# What is being asked
Here the job is to transcribe the data exactly while omitting the images.

# Source data
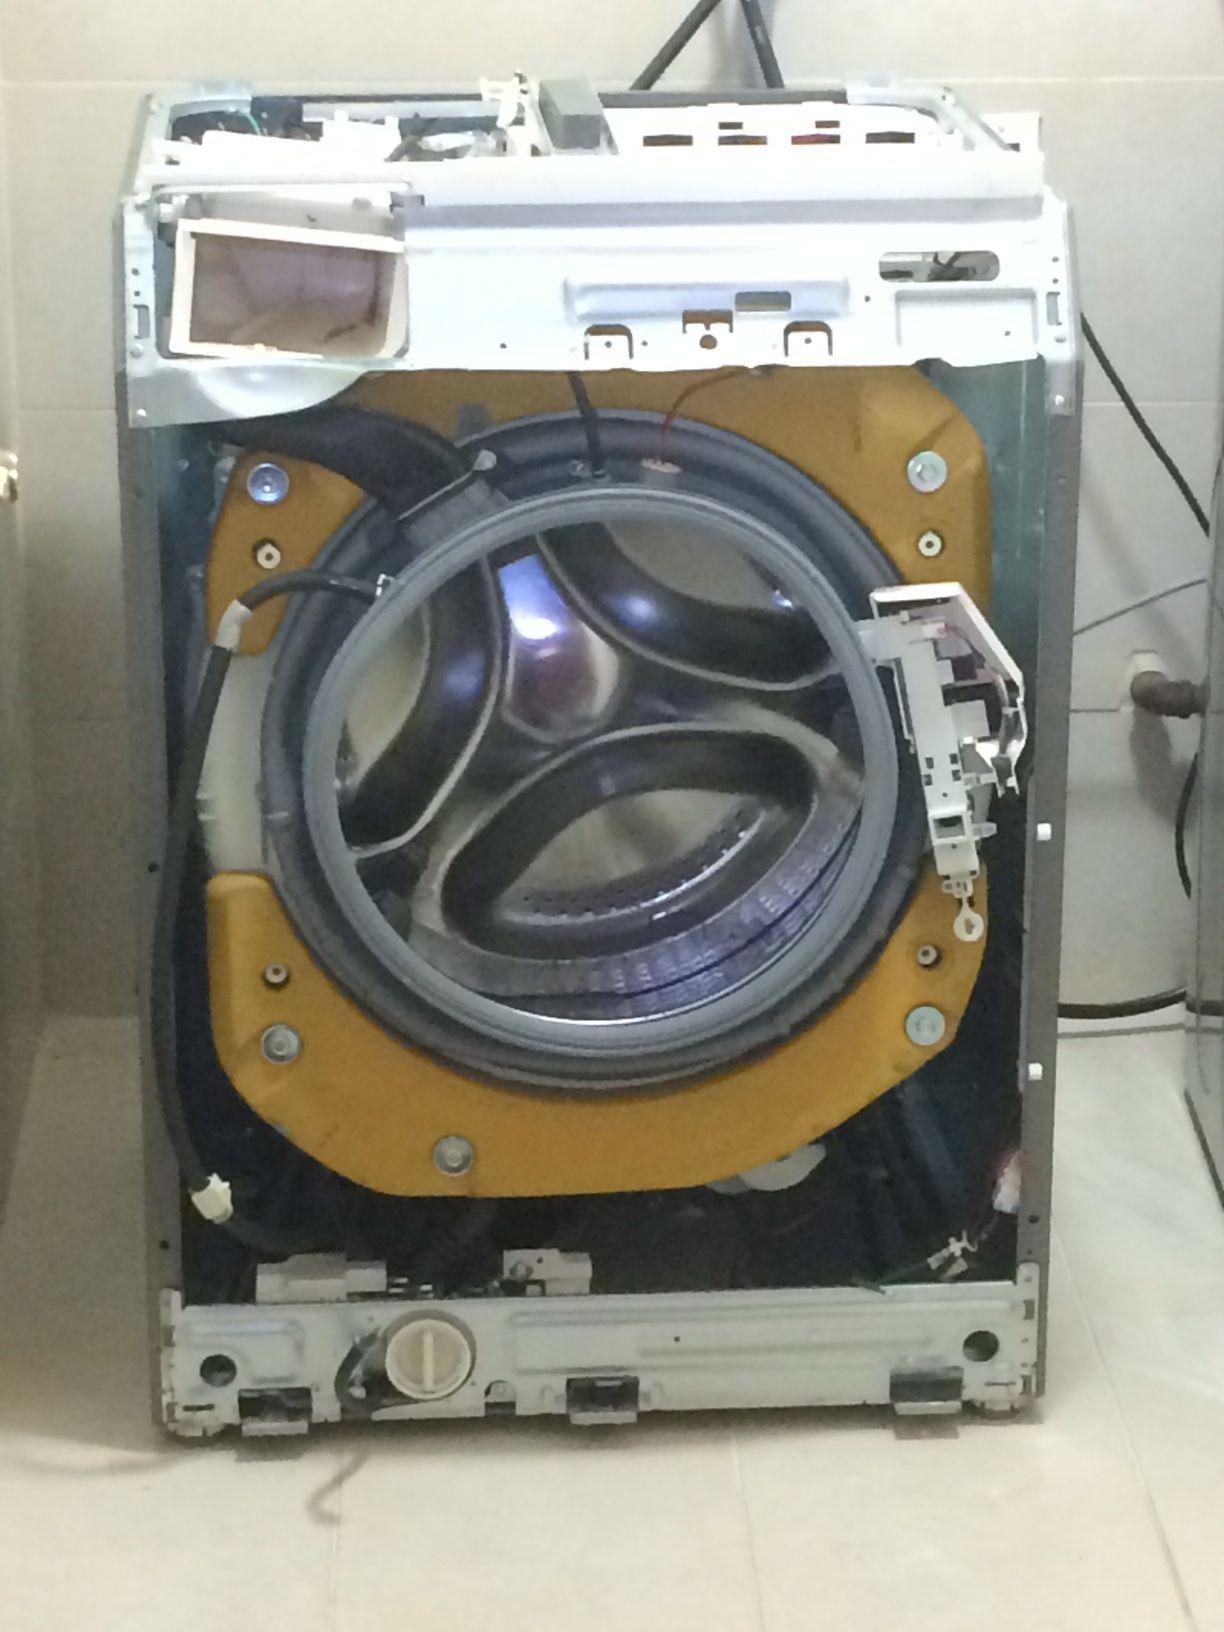 Thursday Washing Machine Repair Dryer Repair Appliance Repair
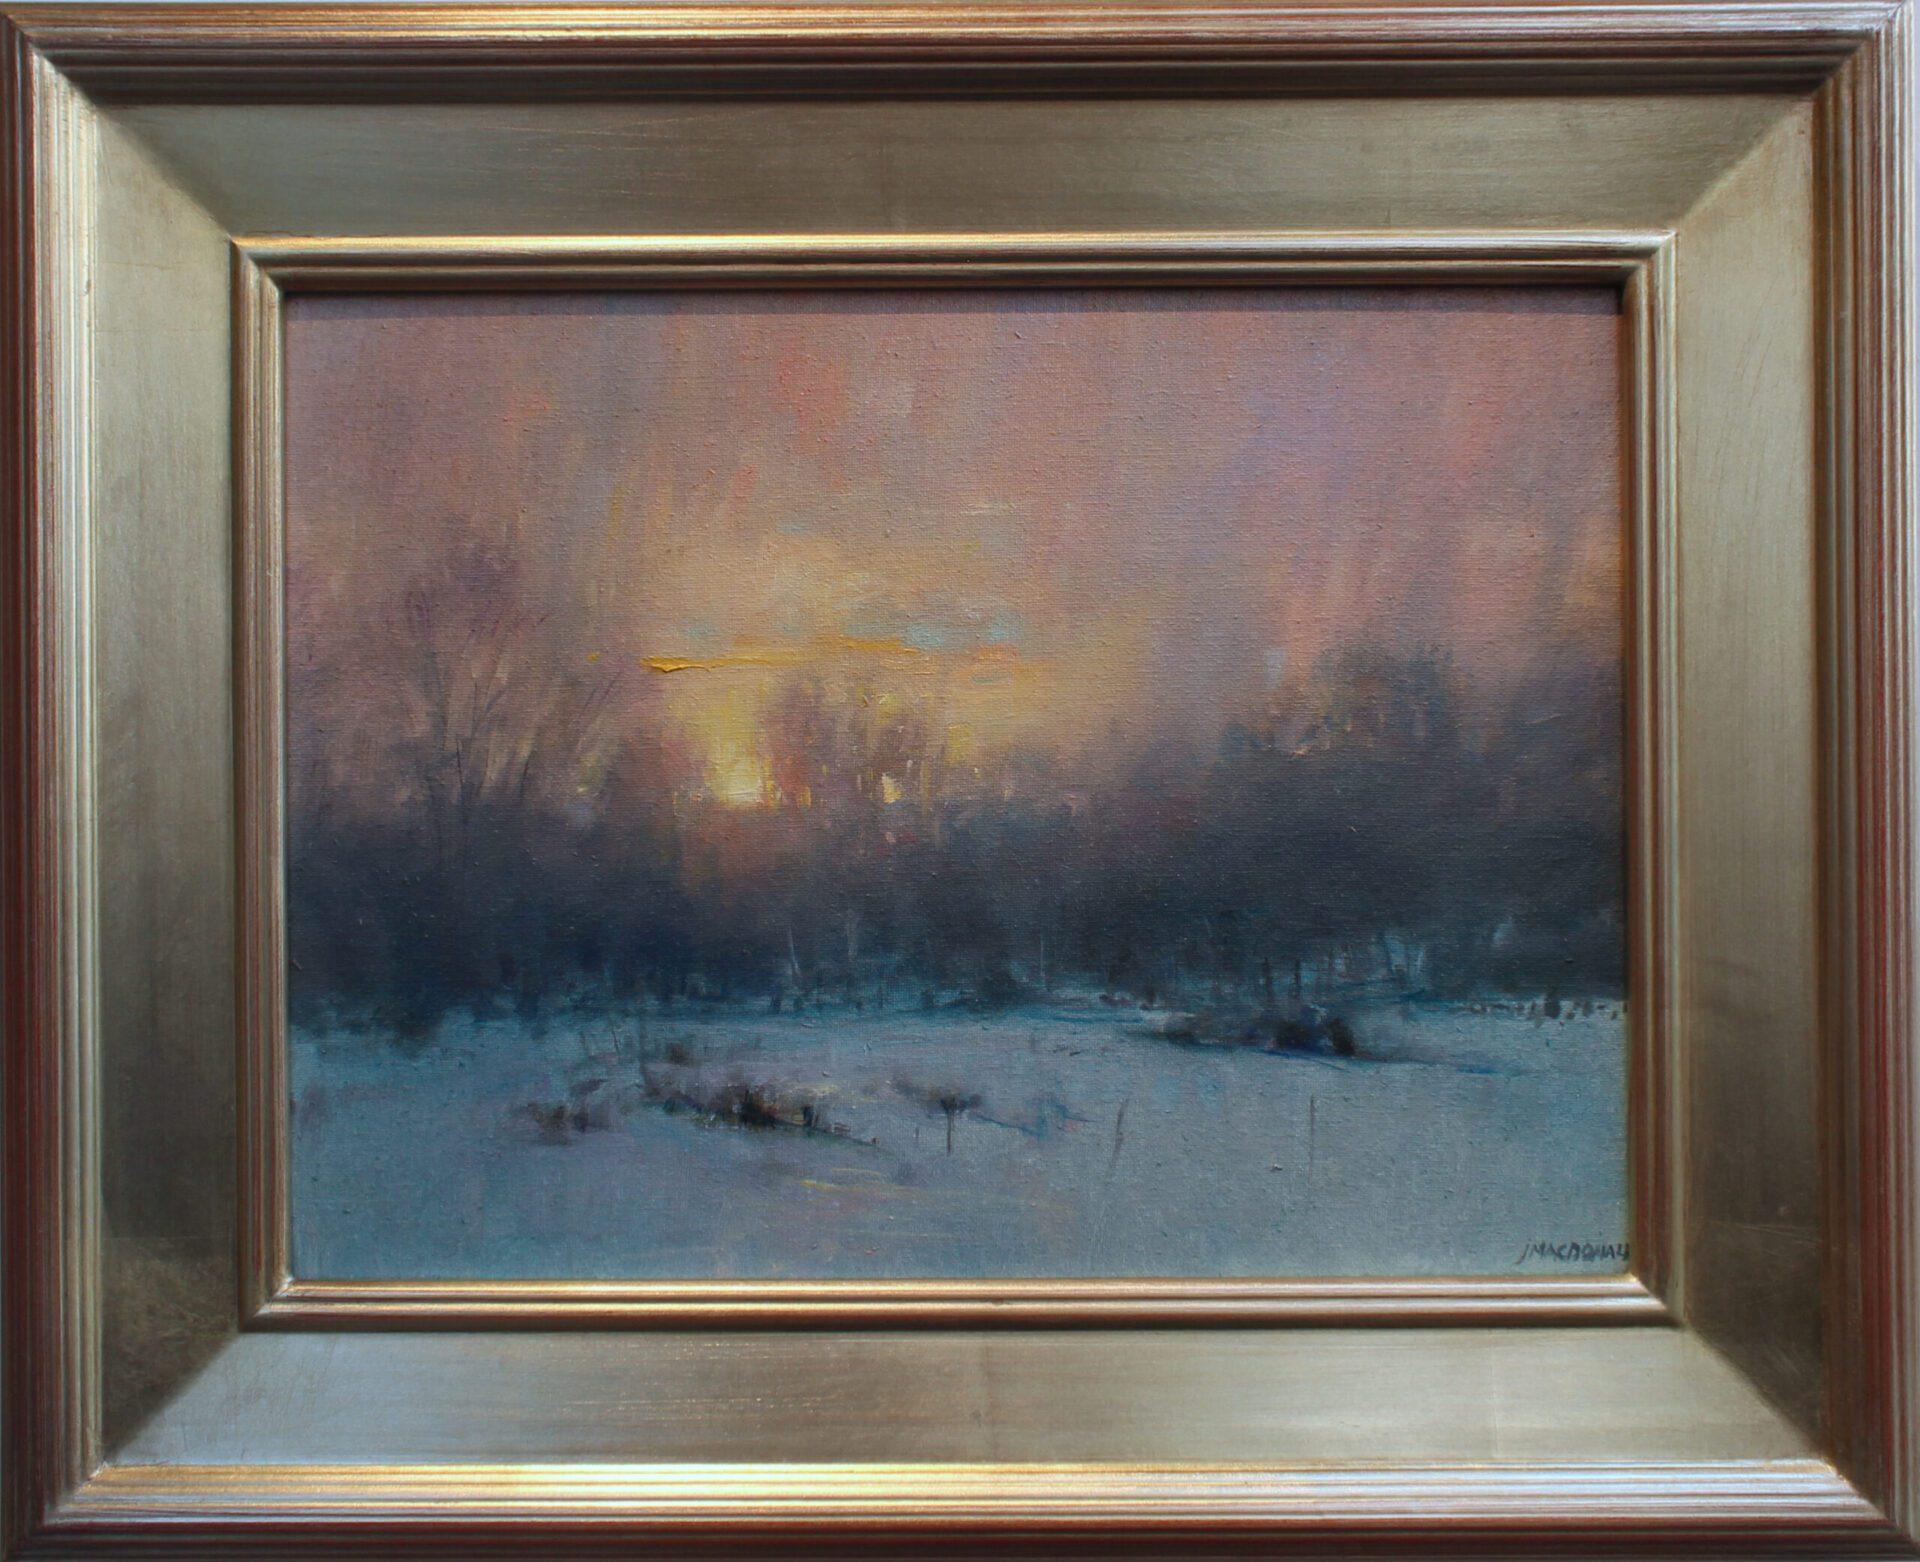 MacDonald_Sunset_Flurries_12x16_Frame
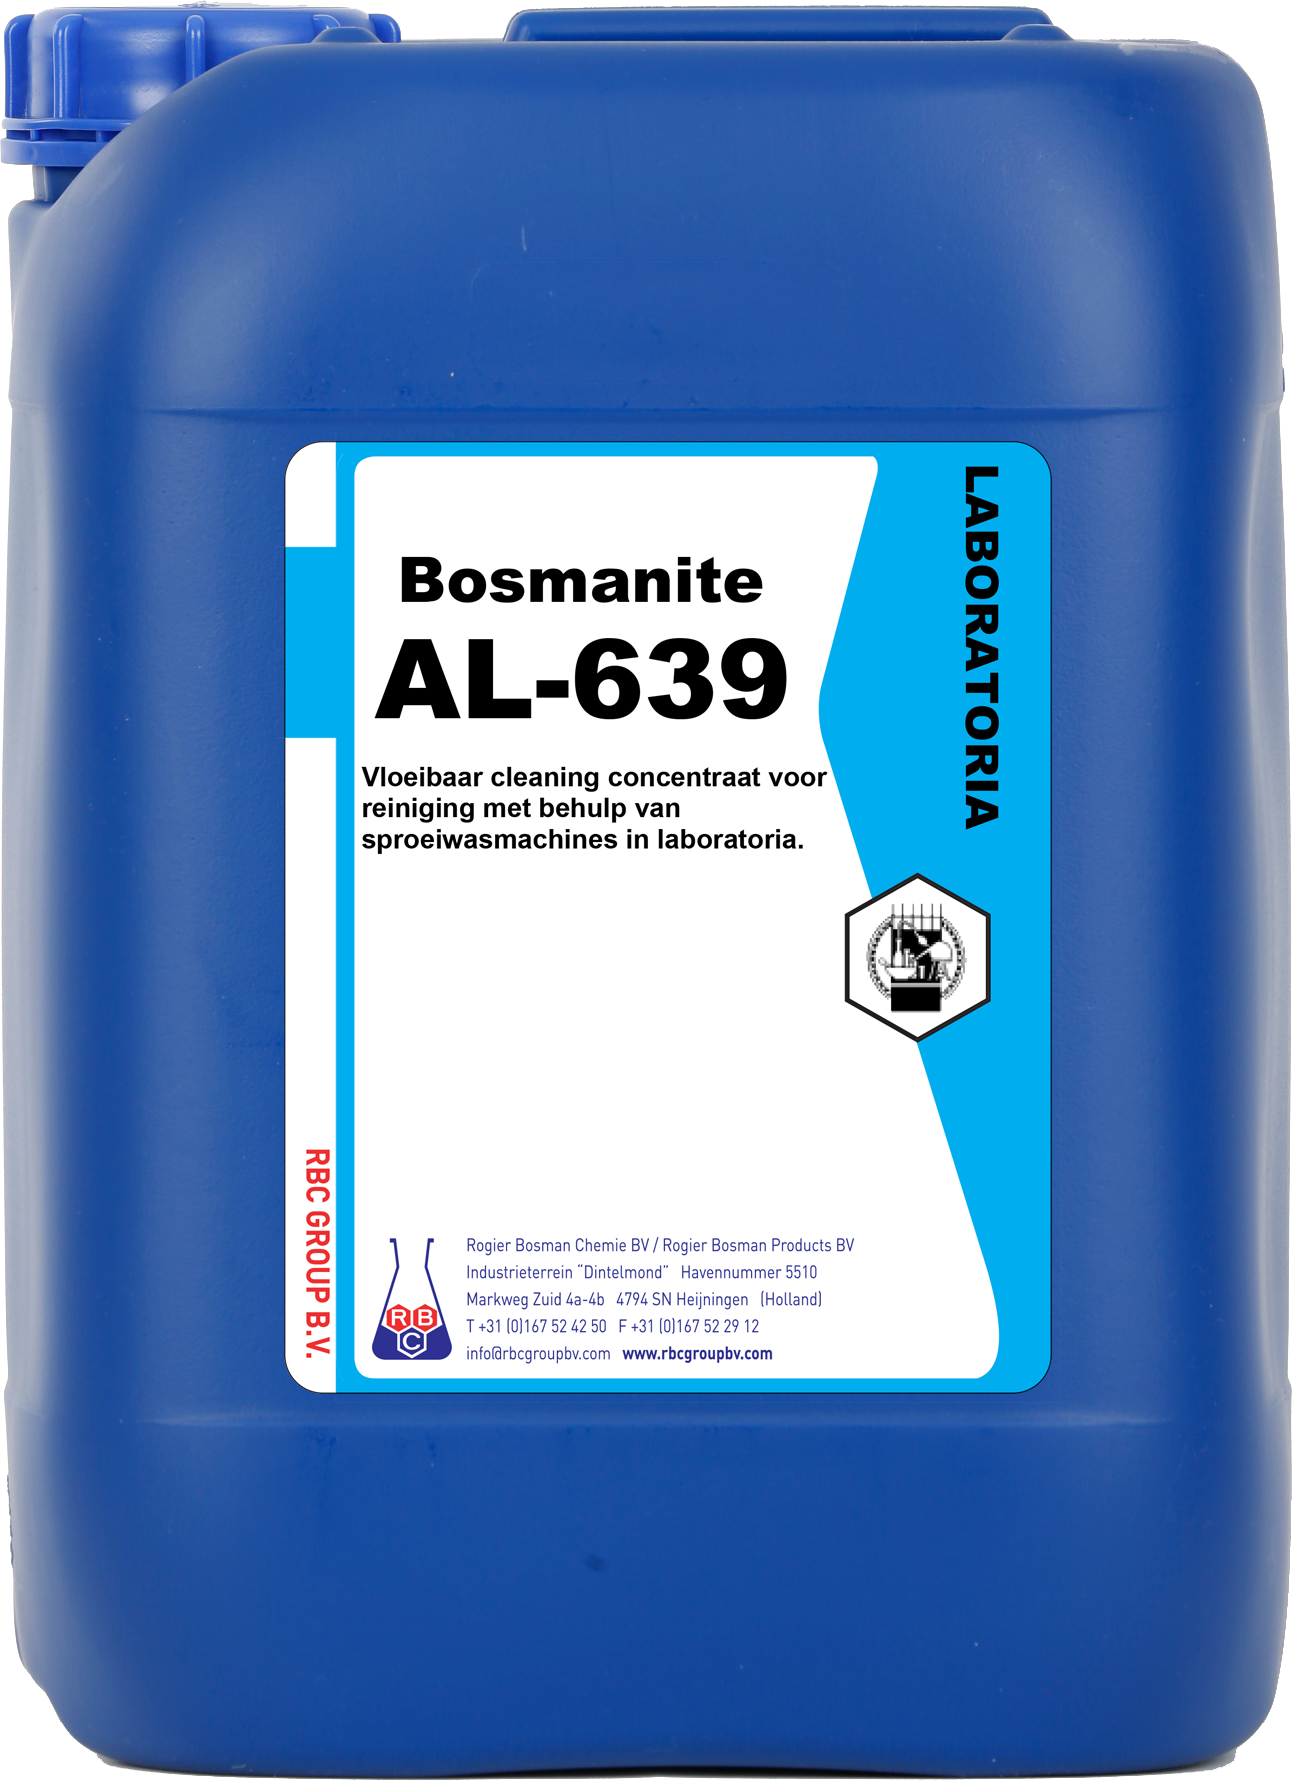 Bosmanite AL-639, vloeibaar reiniger, fosfaat- chloorvrij (77000428.9012)

# Answer below
 Thursday Washing Machine Repair Dryer Repair Appliance Repair
 MacDonald_Sunset_Flurries_12x16_Frame
 Bosmanite AL-639, vloeibaar reiniger, fosfaat- chloorvrij (77000428.9012)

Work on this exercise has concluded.